SNOW-V is a stream cipher recently designed for the 5G communication systems. This paper proposes two efficient algorithms to evaluate precise correlations of SNOW-V’s two main nonlinear components, fully considering the linear hull effects. Based on these algorithms, we can efficiently find more high-correlation linear approximations than before. The ideas of these algorithms can be generalized to other similar nonlinear components in symmetric cipher. We apply our algorithms to the full SNOW-V stream cipher to search for different types of high-correlation linear approximations. Our results depict more linear approximations with higher correlations than those recently proposed for full SNOW-V and SNOW-\(\text {V}_{\boxplus _{32},\boxplus _8}\). The best linear approximation we found has an absolute correlation \(2^{-47.567}\). There are at least 8, 135 and 1092 linear approximations, whose absolute correlations are greater than \(2^{-47.851}\), \(2^{-49}\) and \(2^{-50}\), respectively. These linear approximations can derive a fast correlation attack with time/memory/data complexities \(2^{240.86}\), \(2^{240.37}\) and \(2^{236.87}\), which is better than previously known fast correlation attacks on full SNOW-V. Moreover, we propose some properties for linear trails with three active S-boxes, which give a theoretical explanation of what the automatic search method lacks of. Our work provides more detailed linear approximation properties for the full SNOW-V.

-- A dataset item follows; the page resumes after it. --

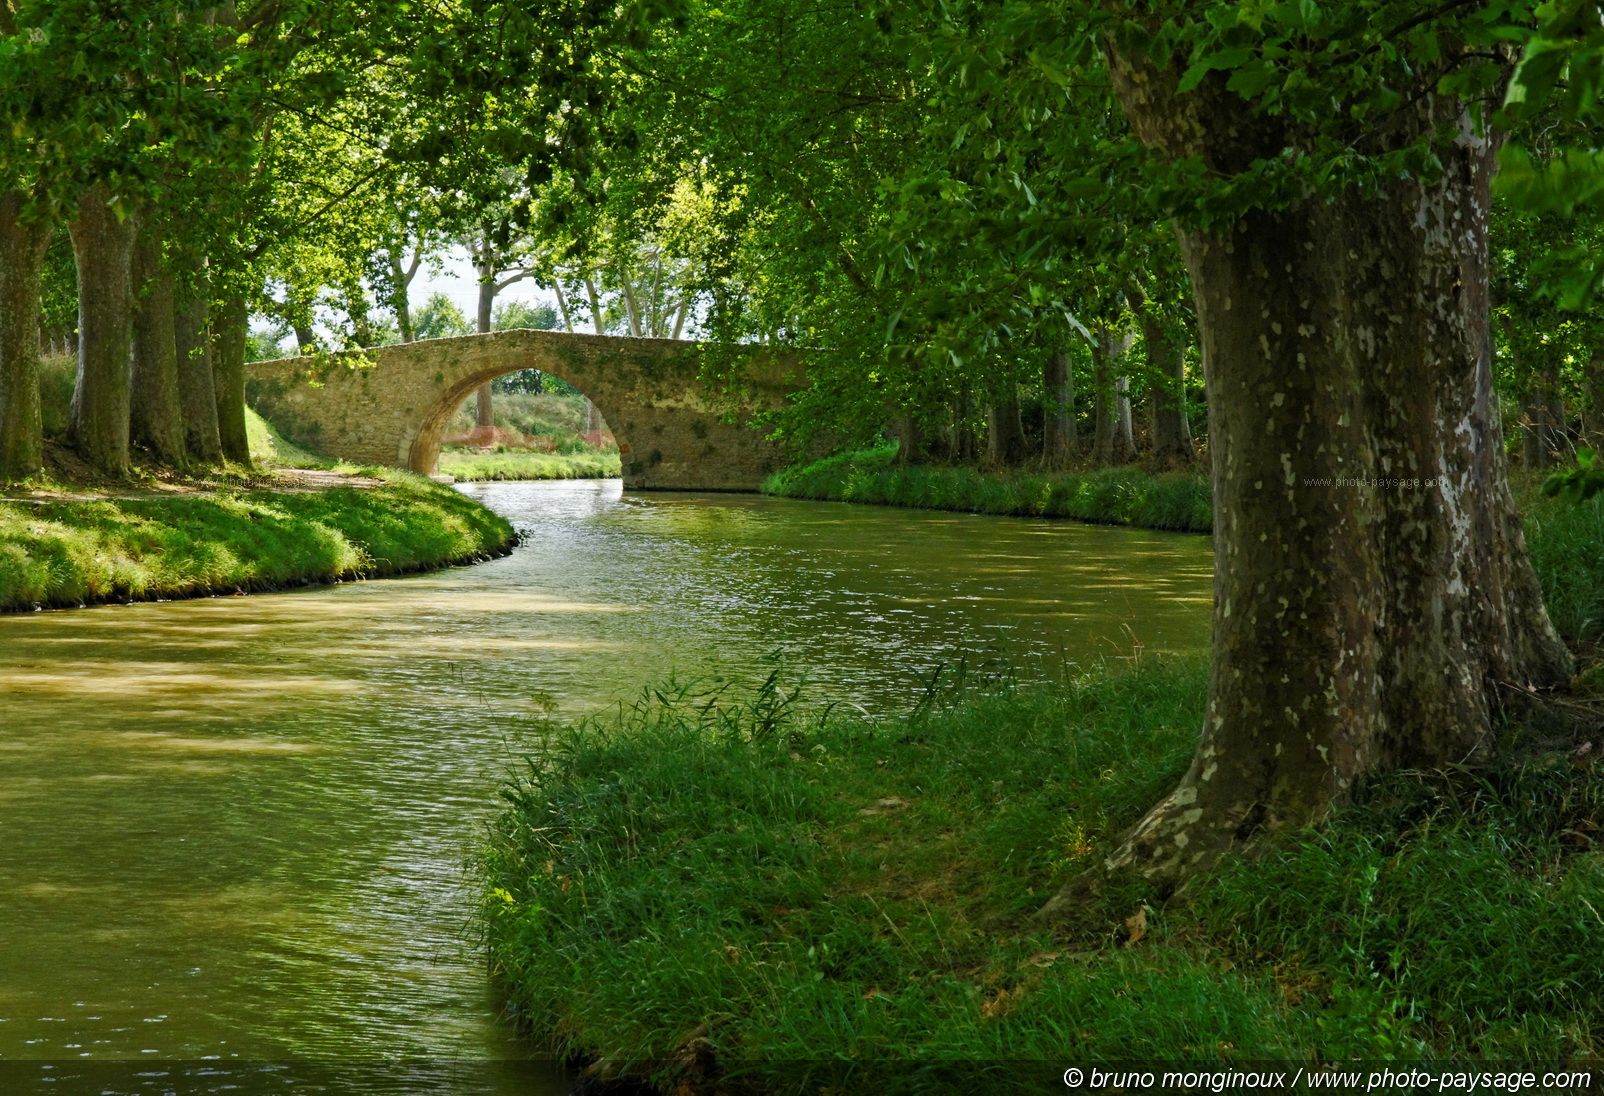 Le canal du Midi est inscrit sur la liste du patrimoine de l'humanité de l'Unesco depuis 1996. Sur les plus de 40 milliers de platanes qui arborent le linéaire, près de 10.000 sont malades et doivent être abattus. © Bruno Monginoux, Landschaft-Foto.com, cc by nc nd

SNOW-V 是最近为 5G 通信系统设计的流密码。本文提出了两种有效的算法来评估 SNOW-V 的两个主要非线性分量的精确相关性，充分考虑了线性船体效应。基于这些算法，我们可以有效地找到比以前更多的高相关线性近似。这些算法的思想可以推广到对称密码中其他类似的非线性分量。我们将我们的算法应用于完整的 SNOW-V 流密码，以搜索不同类型的高相关线性近似。我们的结果描述了比最近针对完整 SNOW-V 和 SNOW- \(\text {V}_{\boxplus _{32},\boxplus _8}\)提出的具有更高相关性的更多线性近似. 我们发现的最佳线性近似具有绝对相关性\(2^{-47.567}\)。至少有 8、135 和 1092 个线性近似，其绝对相关性大于\(2^{-47.851}\)、\(2^{-49}\)和\(2^{-50}\)， 分别。这些线性近似可以推导出具有时间/内存/数据复杂性\(2^{240.86}\)、\(2^{240.37}\)和\(2^{236.87}\)的快速相关攻击，这比以前已知的对完整 SNOW-V 的快速相关攻击要好。此外，我们提出了具有三个活动 S 盒的线性轨迹的一些属性，这对自动搜索方法缺乏什么给出了理论解释。我们的工作为完整的 SNOW-V 提供了更详细的线性近似属性。